My Error Message is below, but I think realistically, I'm just going about this the wrong way.
Error in match.fun(FUN) :
'as.numeric(max(df1$date) - min(df1$date), units = "days")' is not a function, character or symbol
after reading through aggregate()
document I tried to use the formula =
for the last argument and returned this error:
Error in match.fun(FUN) : argument "FUN" is missing, with no default
回答1:
With dplyr
:
df1 %>%
group_by(df2) %>%
summarise(Range=max(df1) - min(df1))
# A tibble: 2 x 2
df2 Range
<fct> <drtn>
1 blue 19 days
2 red 4 days
回答2:
Using aggregate
aggregate(df1~ df2, df1, function(x) diff(range(x)))
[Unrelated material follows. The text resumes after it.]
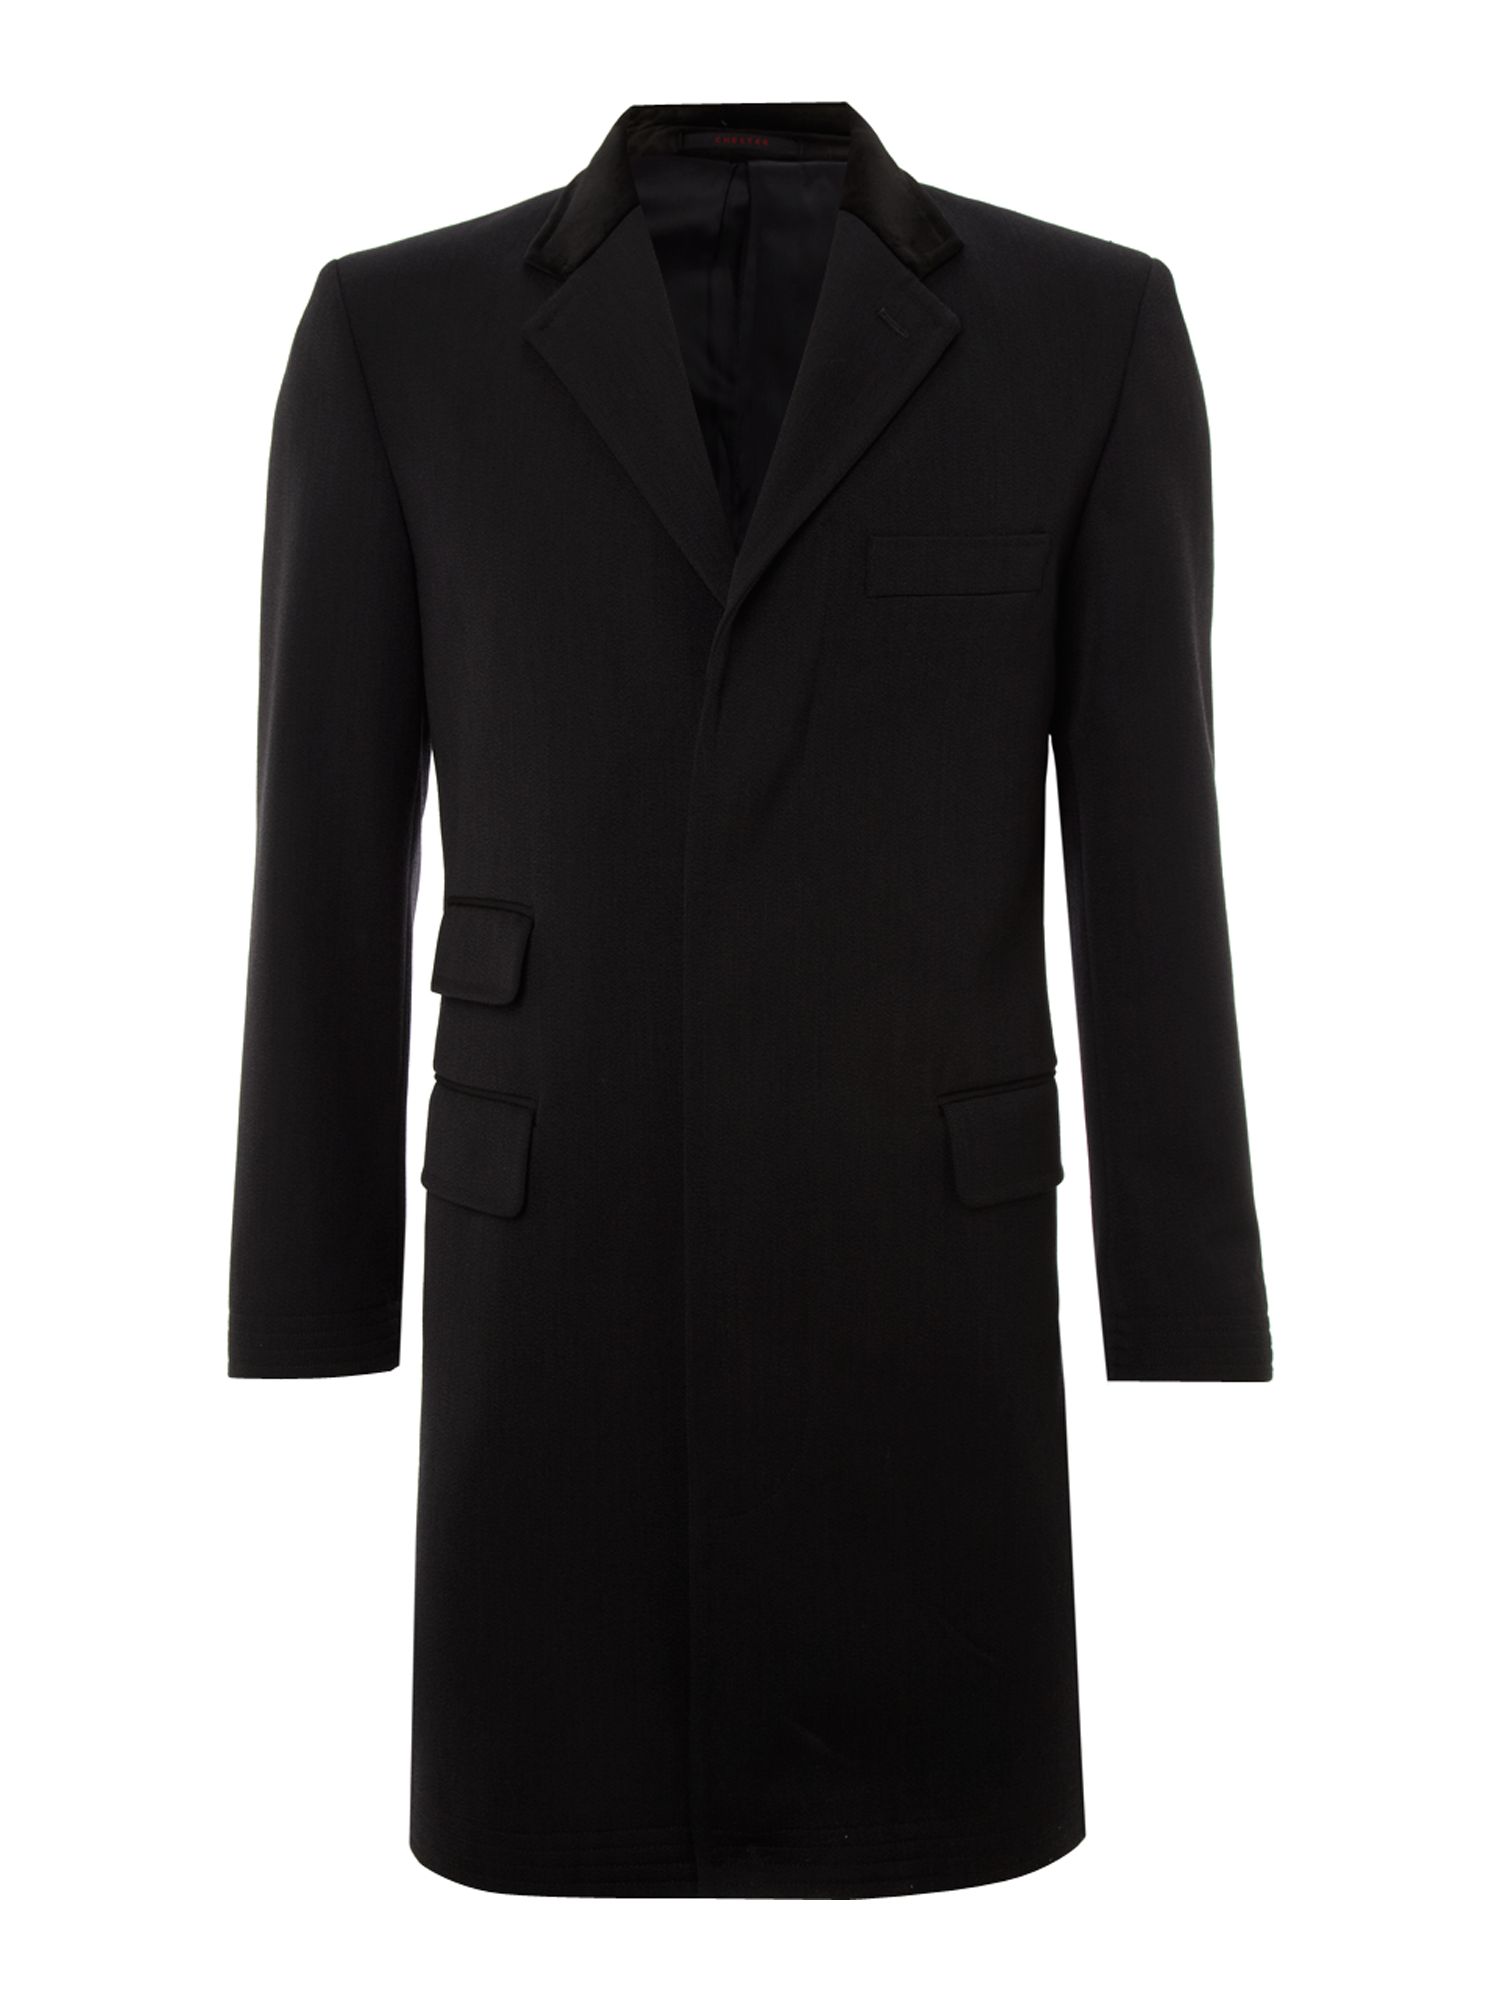 Chester barrie Wool Covert Coat in Black for Men | Lyst

Note that the column names of 'df1' are 'df1' and 'df2' and it creates some confusion. Instead, it may be better to create the data ass
df1 <- data.frame(x = df1, Group = df2)
and then with the formula method,
aggregate(x~ Group, df1, diff)
回答3:
require(dplyr)
df001 <- as.Date(c('Jul 1', 'Jun 26', 'July 5', 'July 15'), format = '%B %d')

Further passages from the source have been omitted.